# Pendulum_PPO Implementation of Proximal Policy Optimization (PPO) for continuous action space (`Pendulum-v1` from gym) using tensorflow2.x (keras) and pytorch. The implementation provided here is from the original paper ([here](https://arxiv.org/abs/1707.06347)). The algorithm is shown below. ![PPO algorithm](Figures/PPO_Algorithm.png) Some of the implementation details mentioned [here](https://iclr-blog-track.github.io/2022/03/25/ppo-implementation-details/) have also been used (e.g., advantage normalization, gradient clipping, etc). To train the model, go to the folder for specific framework (tensorflow2 or pytorch) and run following command on terminal ```bash python Pendulum_PPO.py train ``` This command trains the model. Neural networks (for policy and value) and hyper-parameters are defined in the file `Pendulum_PPO.py`. After training the model, it creates `season_reward.png` file in the folder `saved_images` that shows how policy improves with each season (plot varies with different run). It also saves trained neural network in the folder `saved_network` folder.

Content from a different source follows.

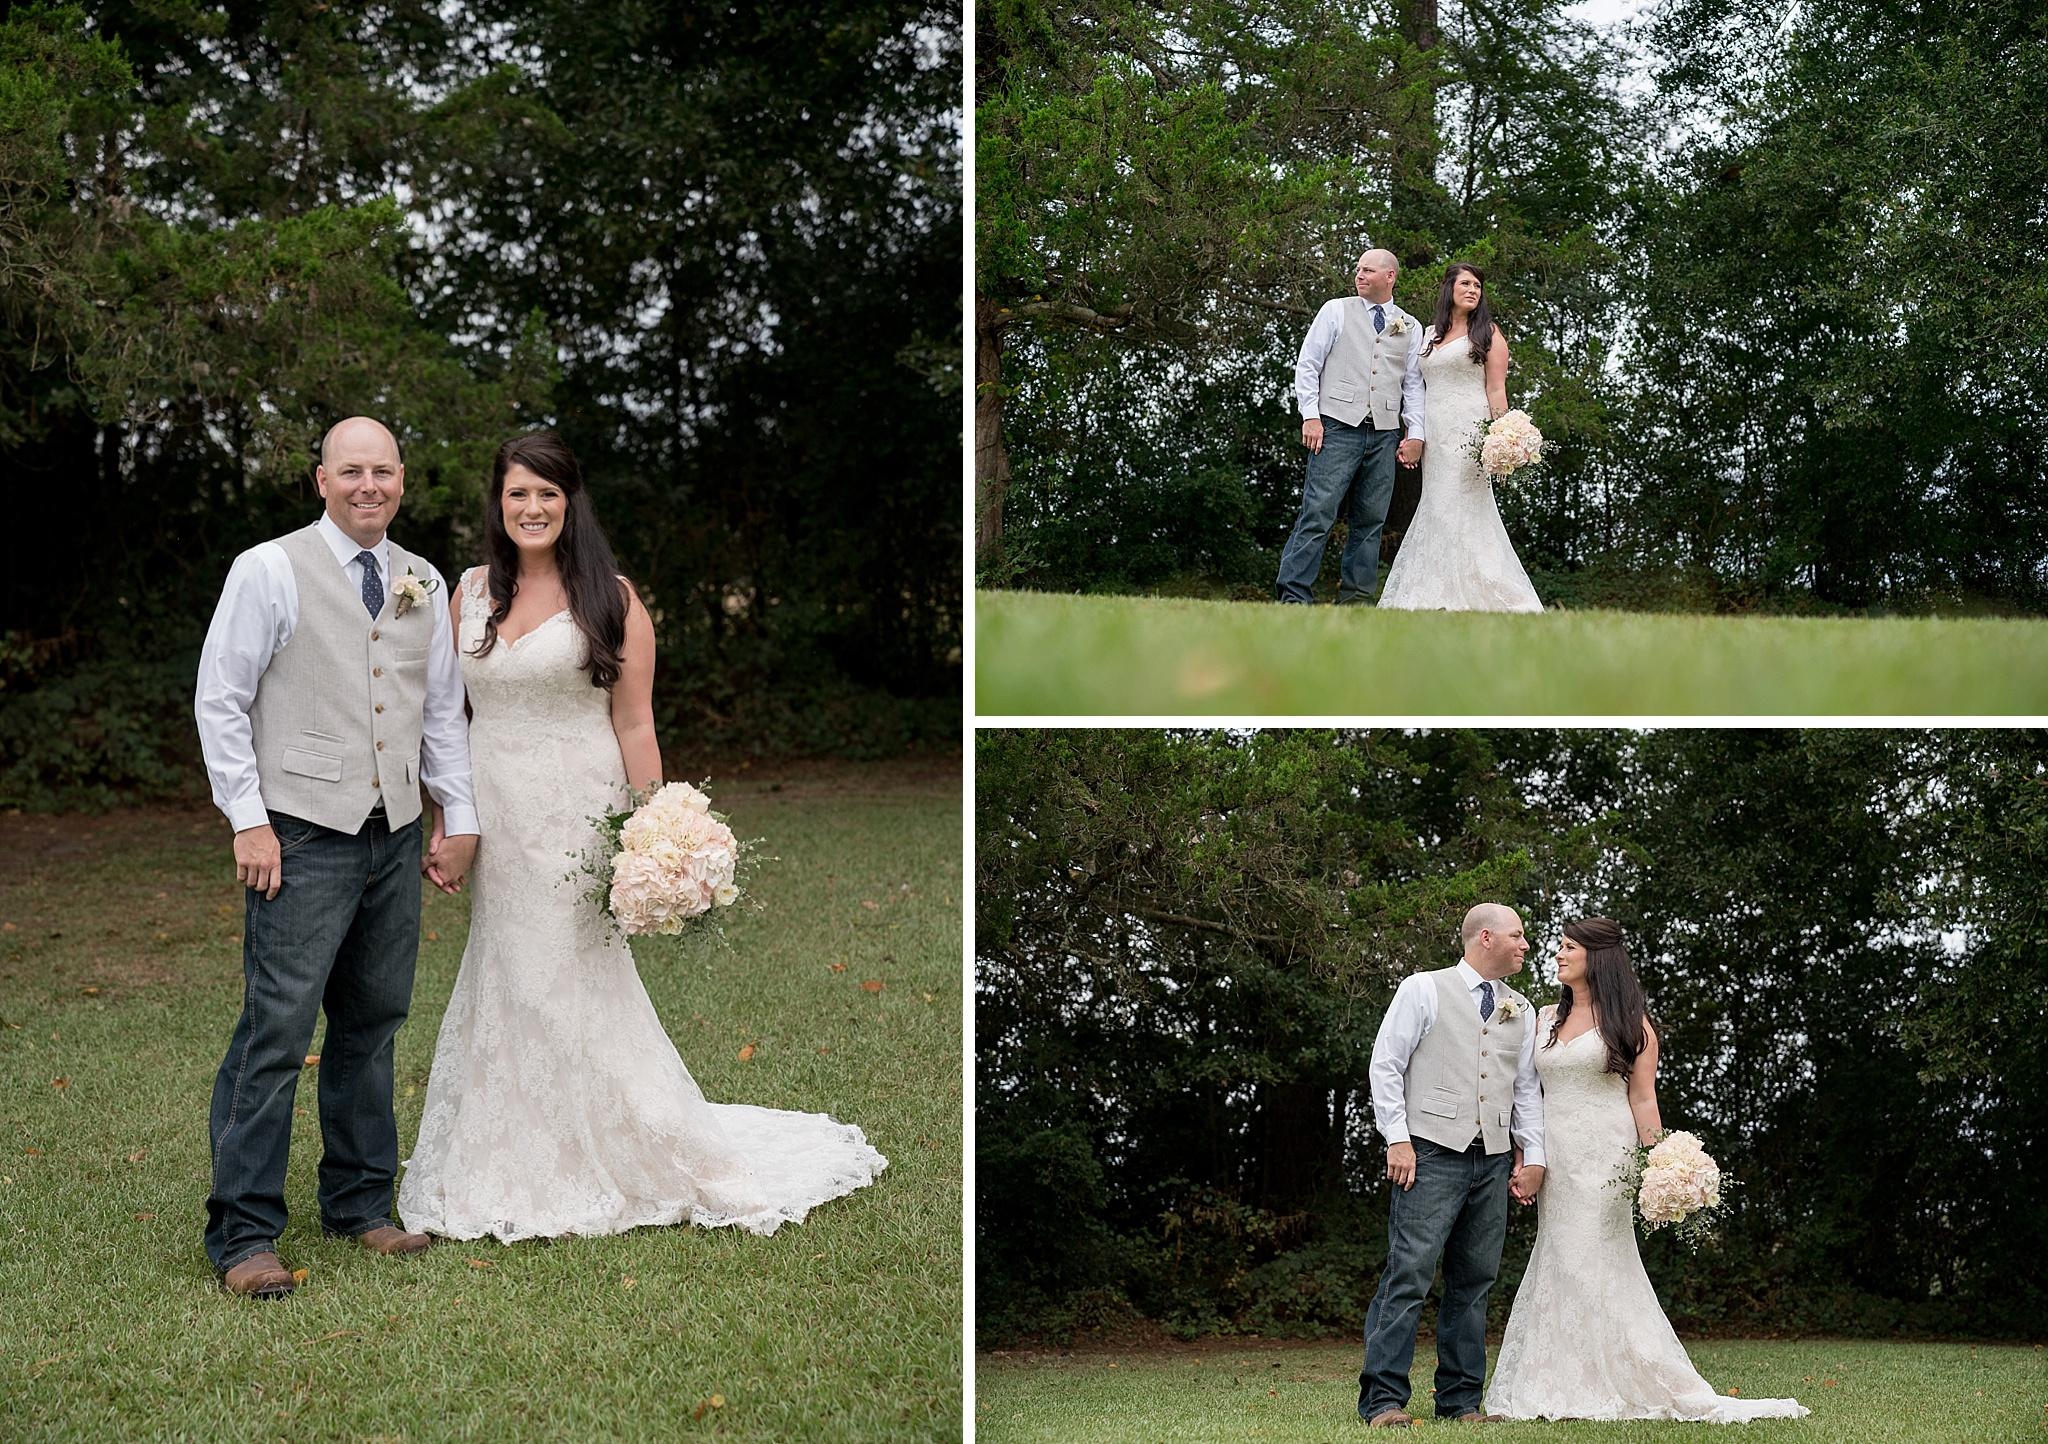 Tarboro-NC-Wedding-Photographer-035.jpg
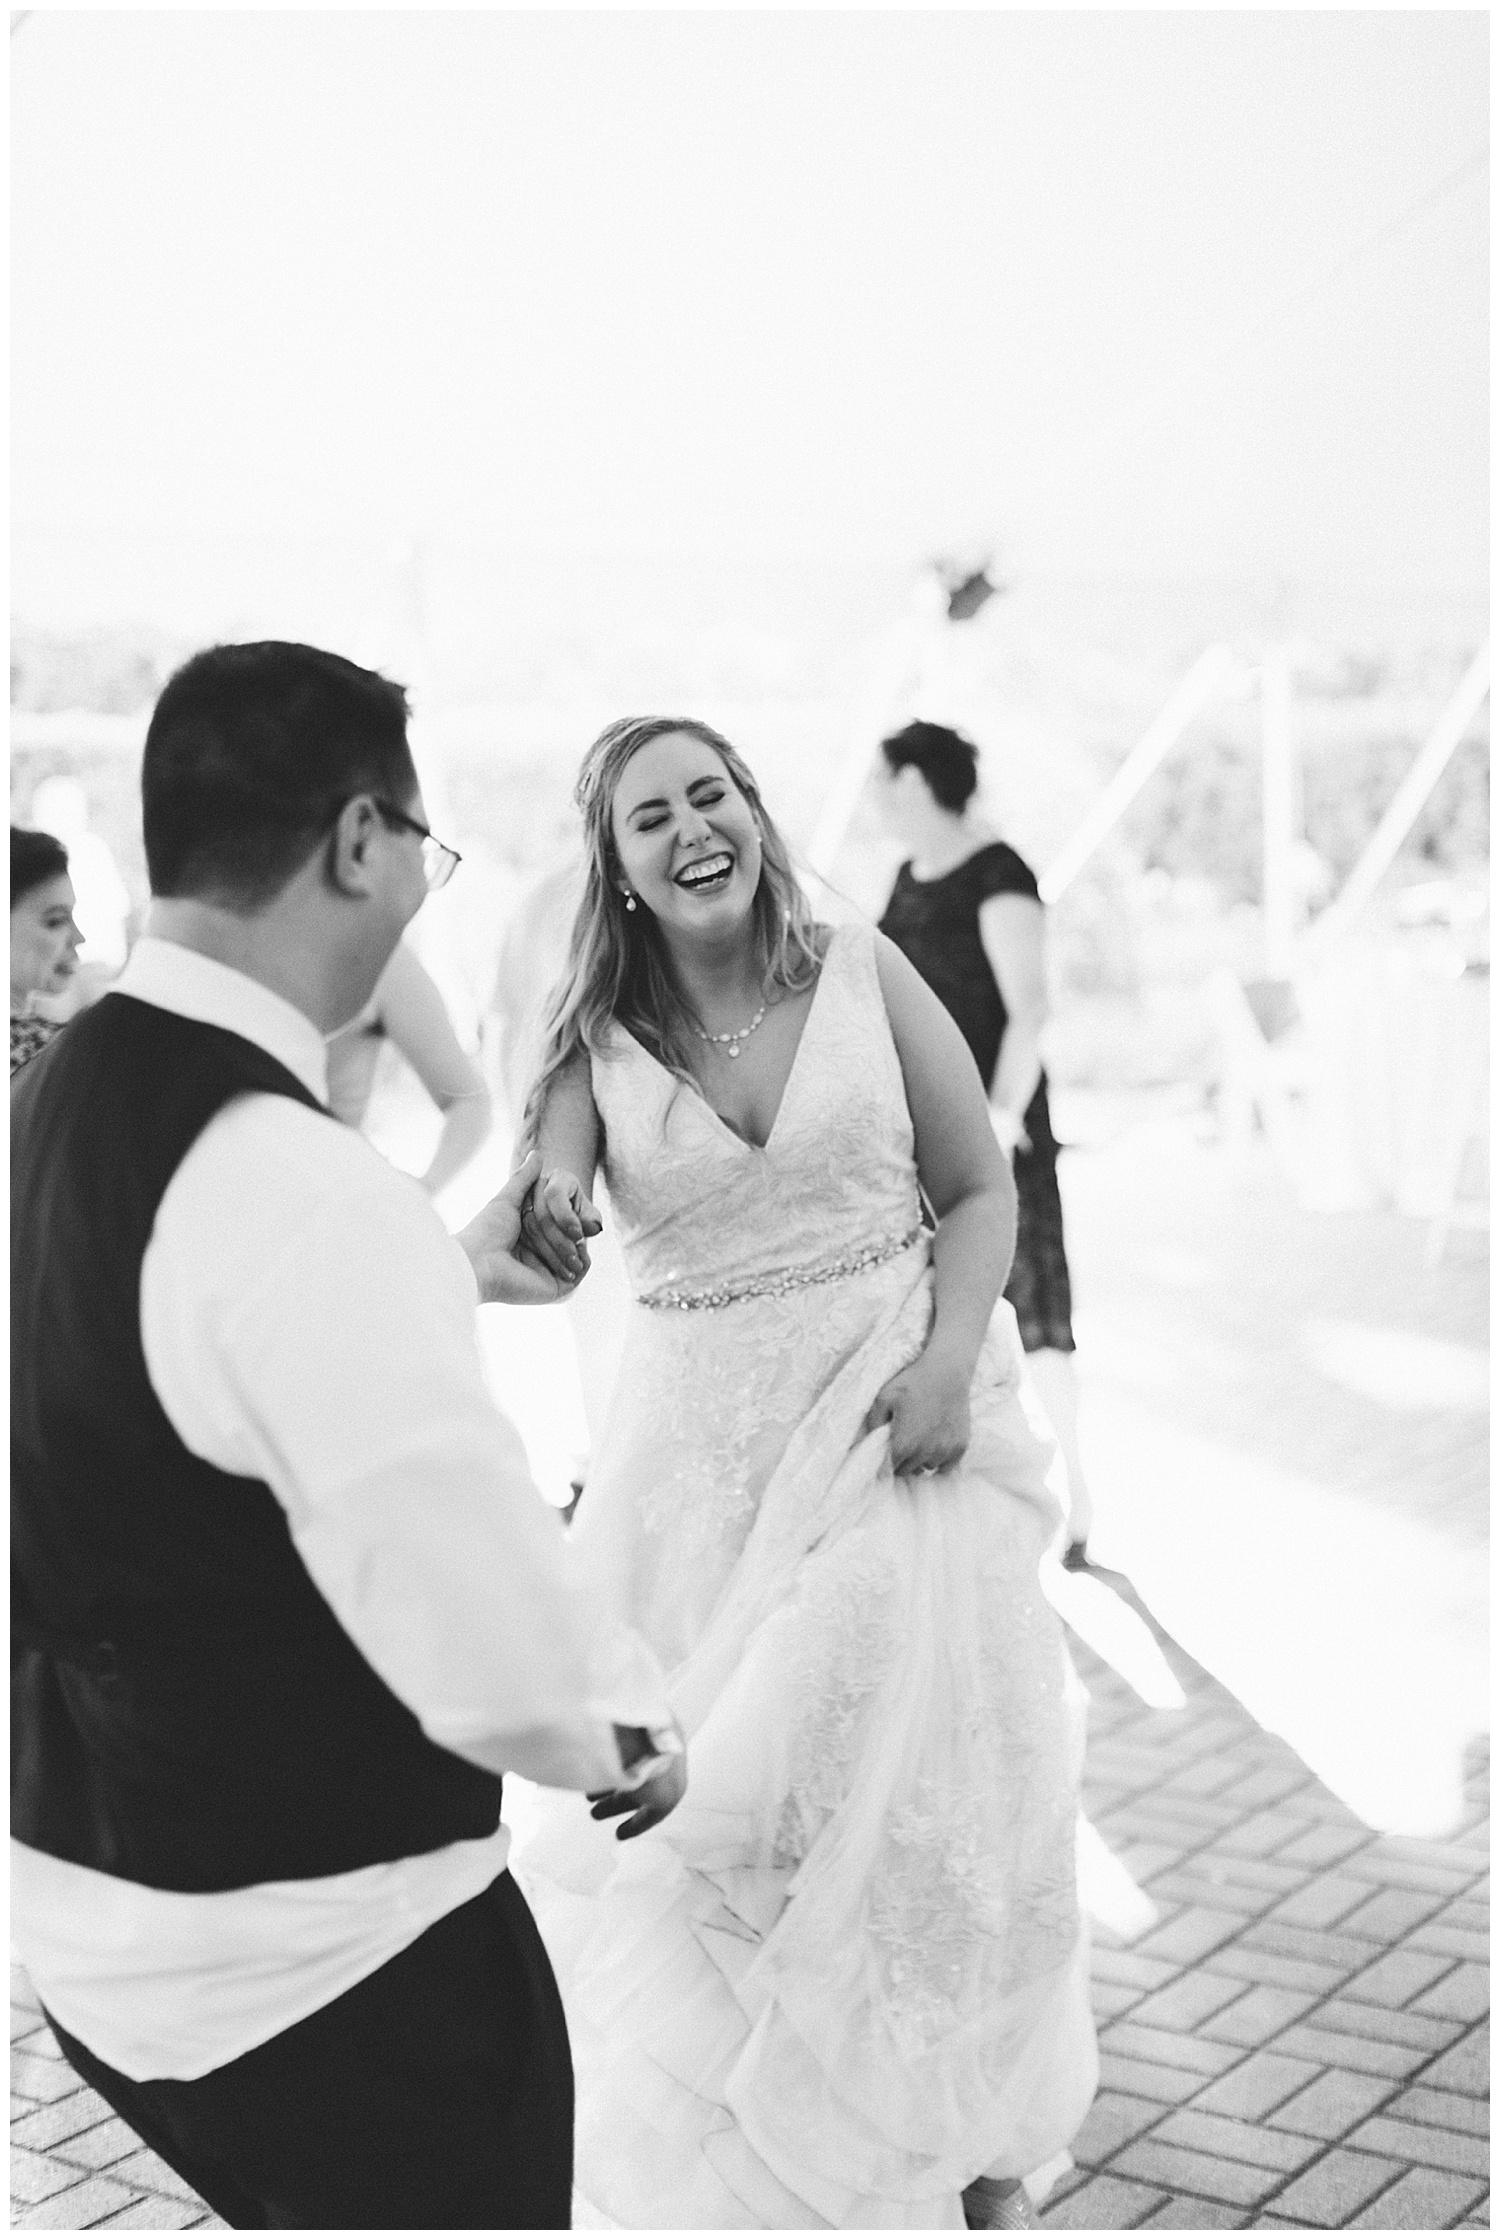 trent.and.kendra.photography.whitehall.wedding-147.jpg

From tensorflow (keras) From pytorch
After the model is trained, run following line at the terminal to evaluate the trained policy: ```bash python Pendulum_PPO.py test ``` This gives gif file named `pendulum_run.gif` in the folder `saved_images`.
From tensorflow (keras) From pytorch
To view the tensorboard log, go to parent directory of the repository and run following command at the terminal. ```bash tensorboard --logdir ./ ``` This will give following plot of tensorboard log. ![tensorboard sample](Figures/tensorboard_sample.png) Note: Above plots and animations are not meant to compare tensorflow and pytorch version since they varies on different run.